Ровно через четырнадцать дней она снова исчезла, сказав на прощание:
— Вы очень хороший, Федор Сергеевич.
Сжалилась и добавила:
— Спасибо тебе за все… Федя.
Я был уверен: на этот раз — уж точно — теряю ее навсегда. И вместе с нею — смысл и цель моего существования. Потому что смысл не может заключаться в кристаллах, пусть даже и самых совершенных.
Однако я, Федор Пименов, не из слабых.
Я выжил.
Океан, мой древний прародитель,
Ты хранишь тысячелетний сон.
Светлый сумрак, жизнедатель, мститель,
Водный, вглубь ушедший небосклон!
Зеркало предвечных начинаний,
Видевшее первую зарю,
Знающее больше наших знаний,
Я с тобой, с бессмертным, говорю!
Ты никем не скованная цельность.
Мир земли для сердца мертв и пуст, —
Ты же вечно дышишь в беспредельность
Тысячами юно-жадных уст!
Тихий, бурный, нежный, стройно-важный,
Ты — как жизнь: и правда и обман.
Дай мне быть твоей пылинкой влажной,
Каплей в вечном… Вечность!
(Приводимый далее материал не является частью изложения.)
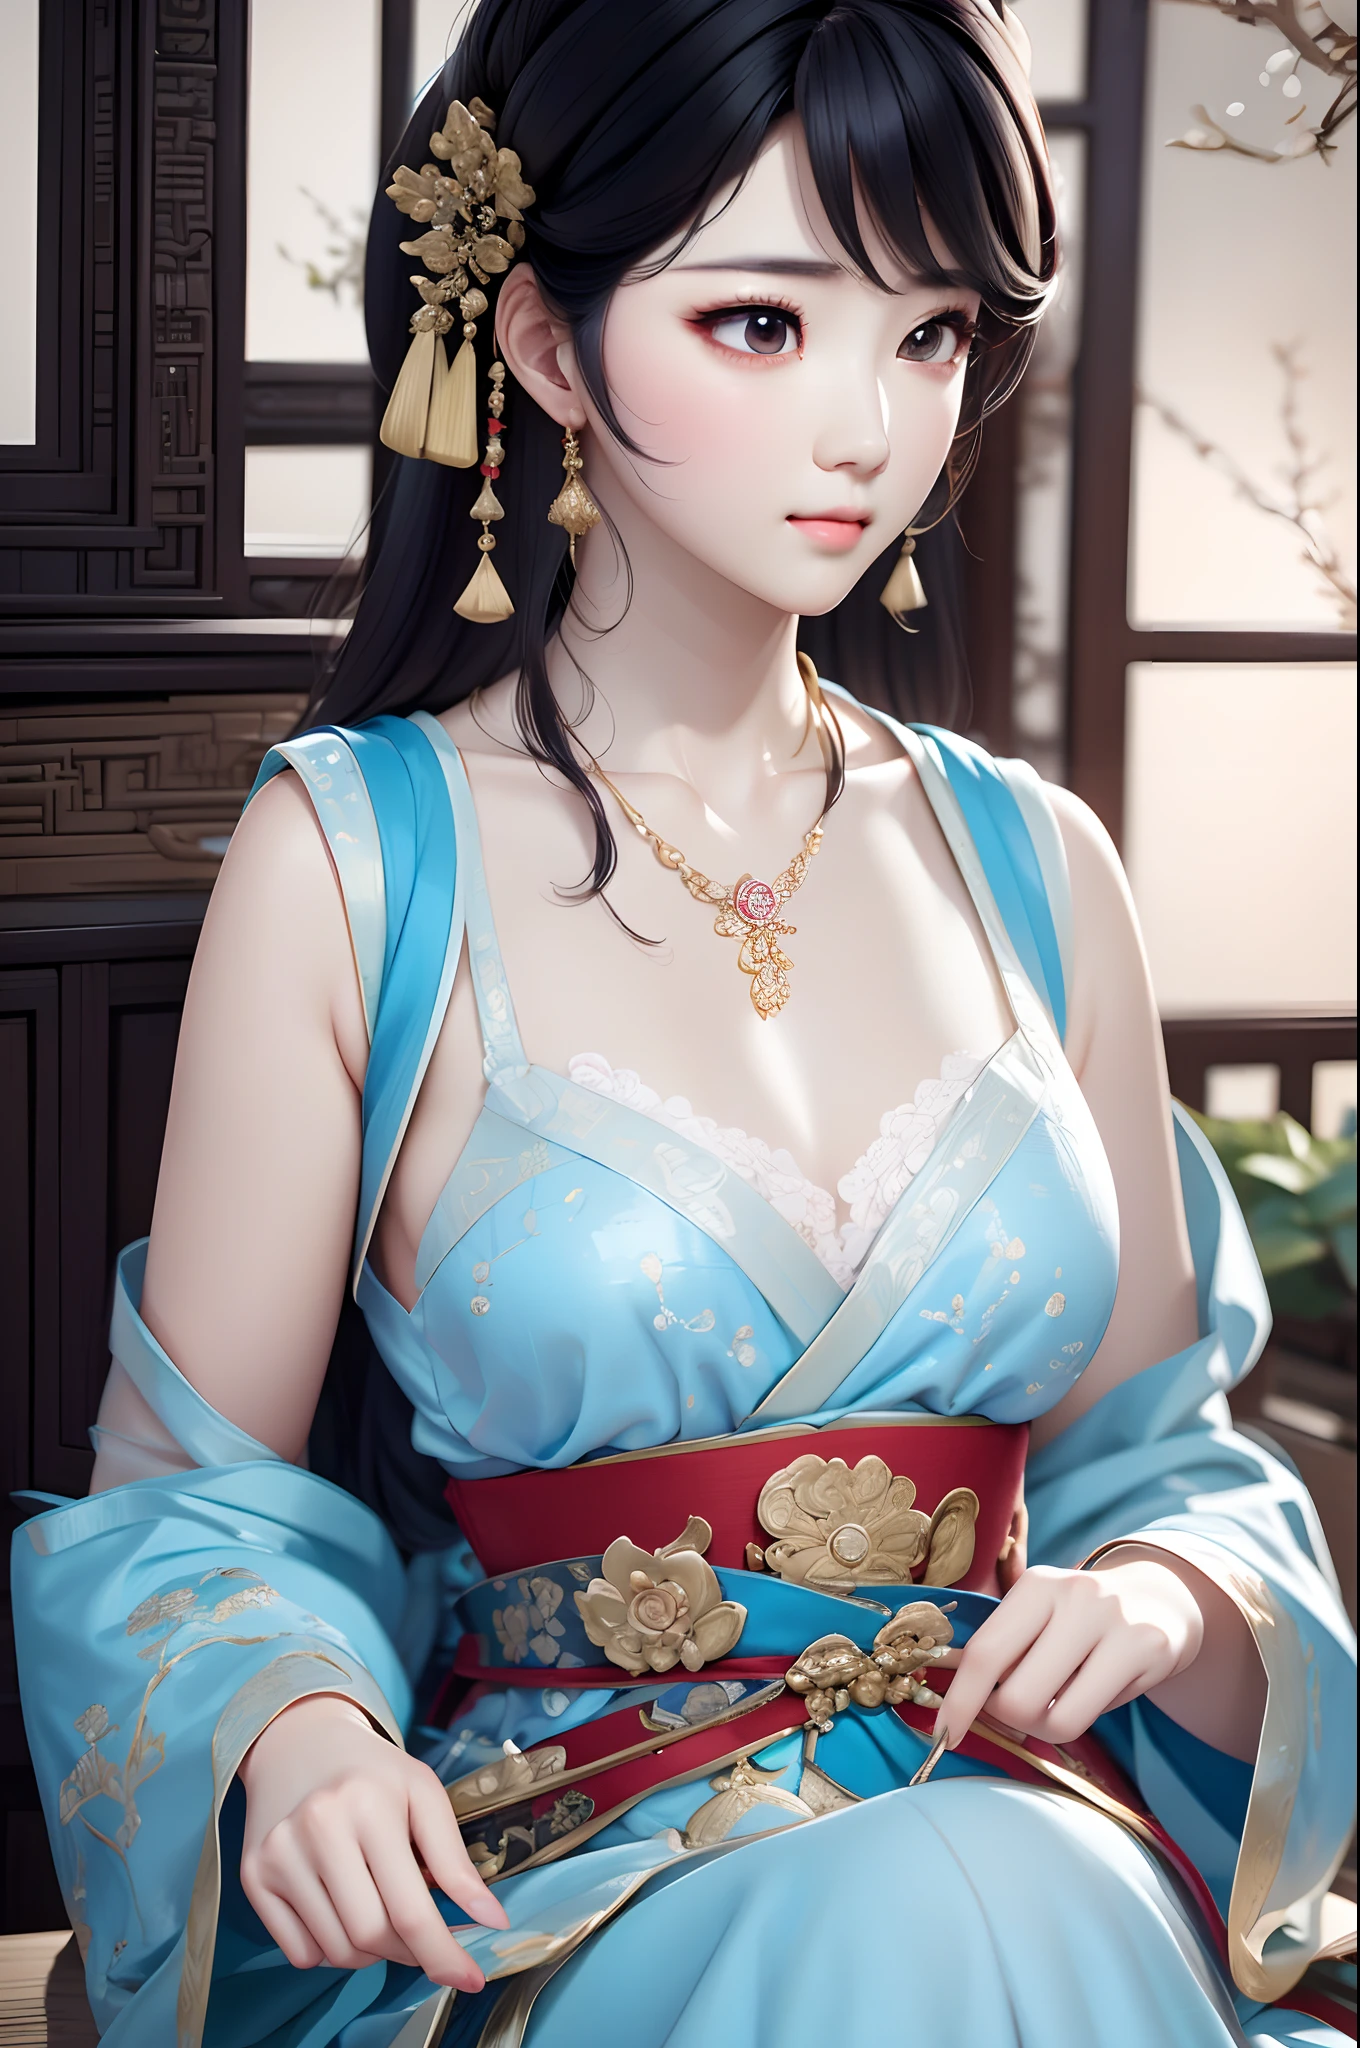 ภาพระยะใกล้ของผู้หญิงสวมสร้อยคอชุดเดรสสีฟ้าอ่อน, สไตล์จีน, สาวจีน, ภาพวาดตัวละครที่สวยงาม, กูวิซ-style artwork, พระราชวัง ， หญิงสาวในชุดฮันฟู, การเรนเดอร์ที่สวยงามของราชวงศ์ถัง, อะนิเมะสไตล์ 3 มิติที่สมจริง, กำลังมาแรงบน cgstation, งานศิลปะที่มีรายละเอียดคุณภาพสูง 8K, เจ้าหญิงจีนโบราณ, ผู้หญิงจีน, กูวิซ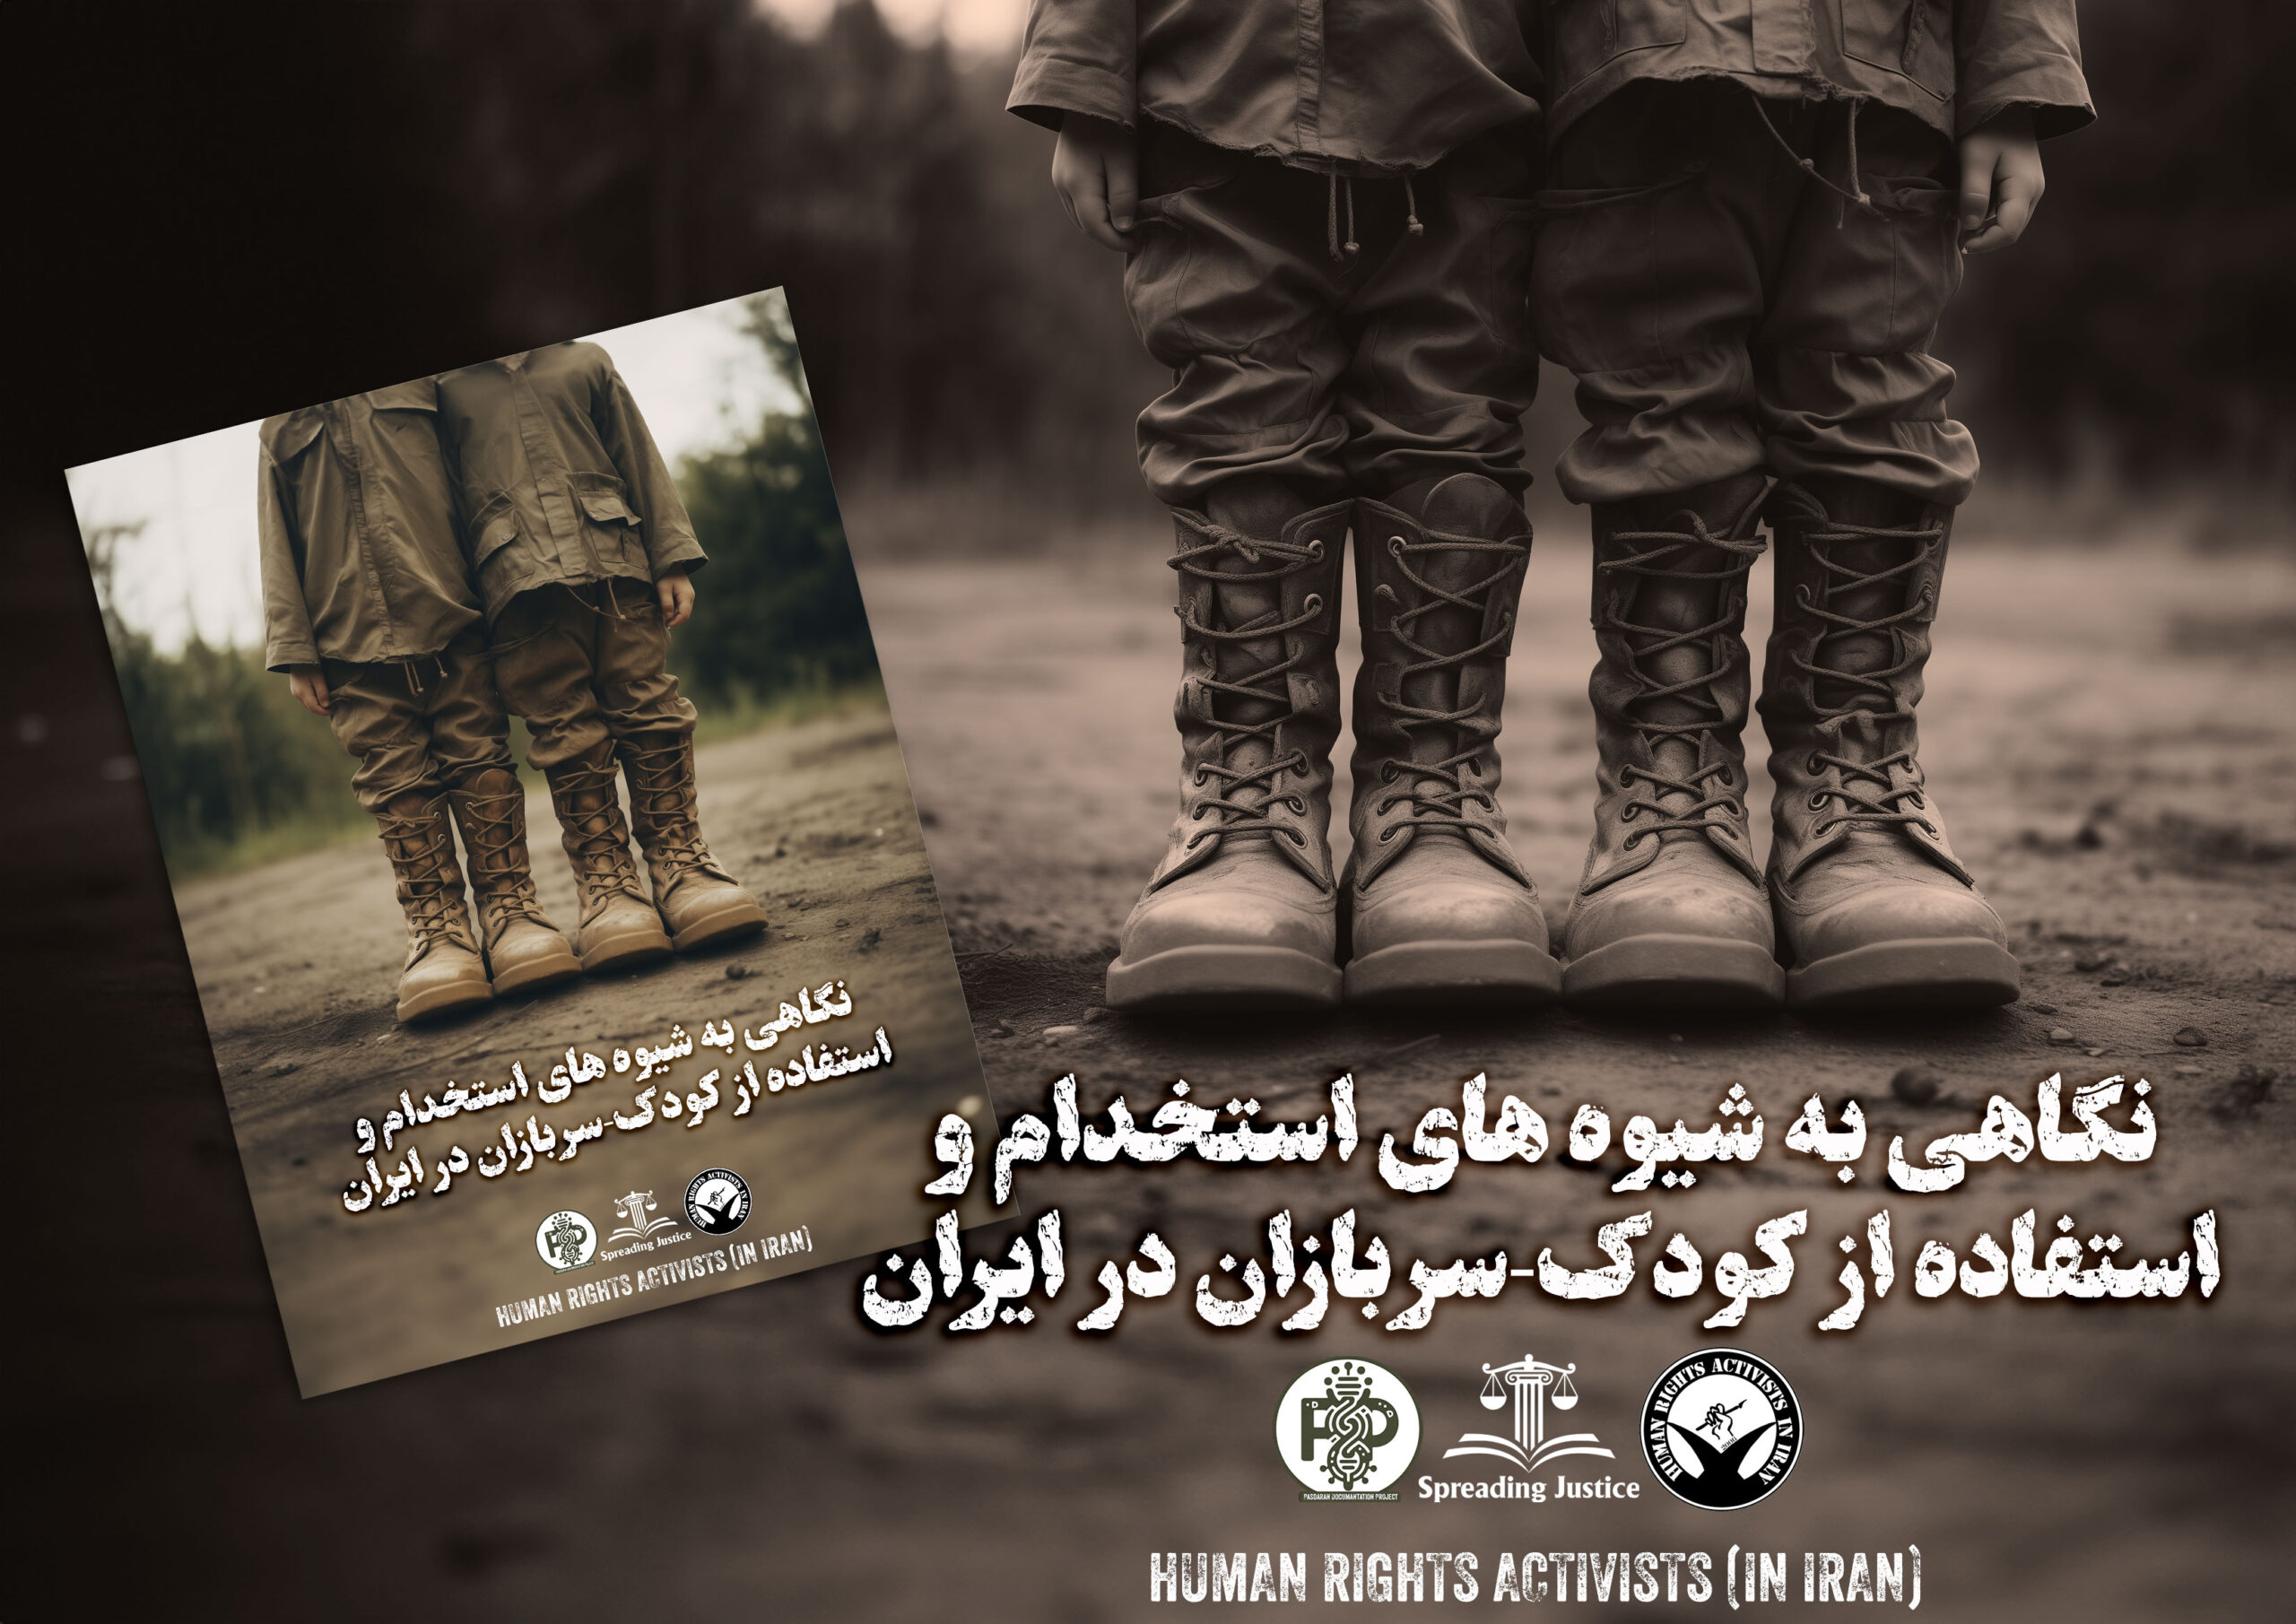 گزارش جامع از جذب و استفاده از کودک سربازان در جنگ توسط ایران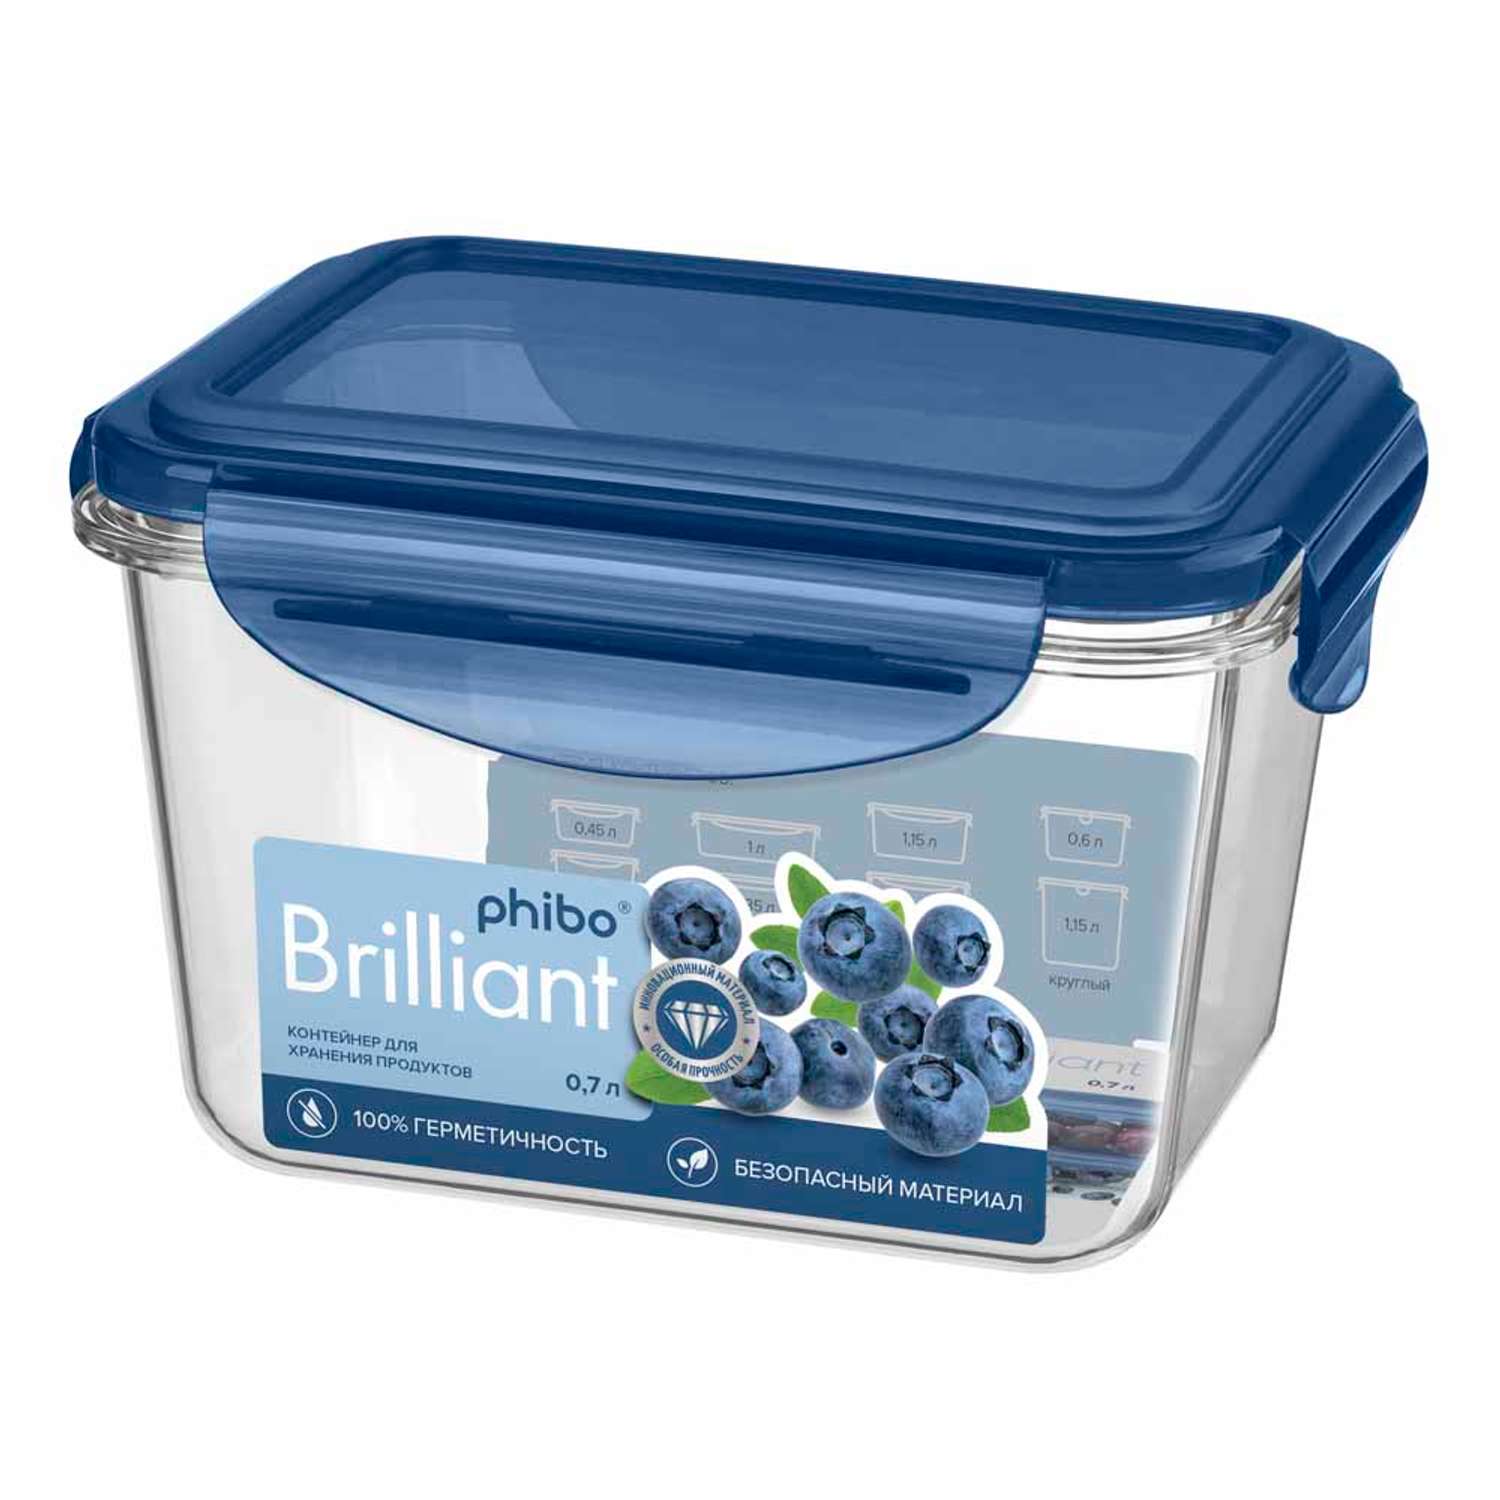 Контейнер Phibo для продуктов герметичный Brilliant прямоугольный 0.7л синий - фото 1

Океан!
К. Бальмонт
НЕПРИЗНАННЫЙ ГЕНИЙ
— Димка, неужели трудно было помыть посуду?
— Я был занят, — отозвался он, не вставая с дивана.
— Это чем же?
— Работал.
Катя вздохнула и повязала фартук. В раковине громоздилась гора грязных тарелок, прижатая сверху чугунной сковородой с пригоревшими остатками яичницы.
— Дим, а почему ты суп не ел?
— Ты же знаешь, я терпеть не могу первое, — раздраженно отозвался он.
Катя заглянула в холодильник: так и есть, он слопал всю колбасу, а от сыра остался только заветренный краешек.
— Дим… — опять было начала она.
— Ну что?! Дим… Дим… — Он чувствовал свою вину и потому переходил в нападение.
А может, не чувствовал… Он привык жить только для себя, и поделиться с кем-то ему и в голову не приходило.
Катя напрягла память, но так и не смогла припомнить, когда в последний раз Димочка сделал что-то для нее… Ну хотя бы спросил, устала ли она… не заболела ли… чего ей хотелось бы…
Тьфу, день какой-то дурацкий! Все одно к одному, все наперекосяк. Слезы вдруг сами собой брызнули из глаз. И не в этой проклятой колбасе дело, пусть ест на здоровье, сколько хочет… Просто так всегда…
Прошел всего год с тех пор, как они приехали в Москву. Сколько было радужных надежд, как счастливы они были вдвоем, начиная настоящую самостоятельную жизнь… И куда подевалось вдруг счастье? Утекло, как вода между пальцами…
Вода текла из крана тоненькой струйкой, совсем не было напора. Осточертело мыть жирные тарелки в холодной воде, а горячей нет уже две недели.
И помыться проблема. Надо греть на газовой плите ведро, тащить его в ванную и обливаться из ковшика. Не купание, а издевательство.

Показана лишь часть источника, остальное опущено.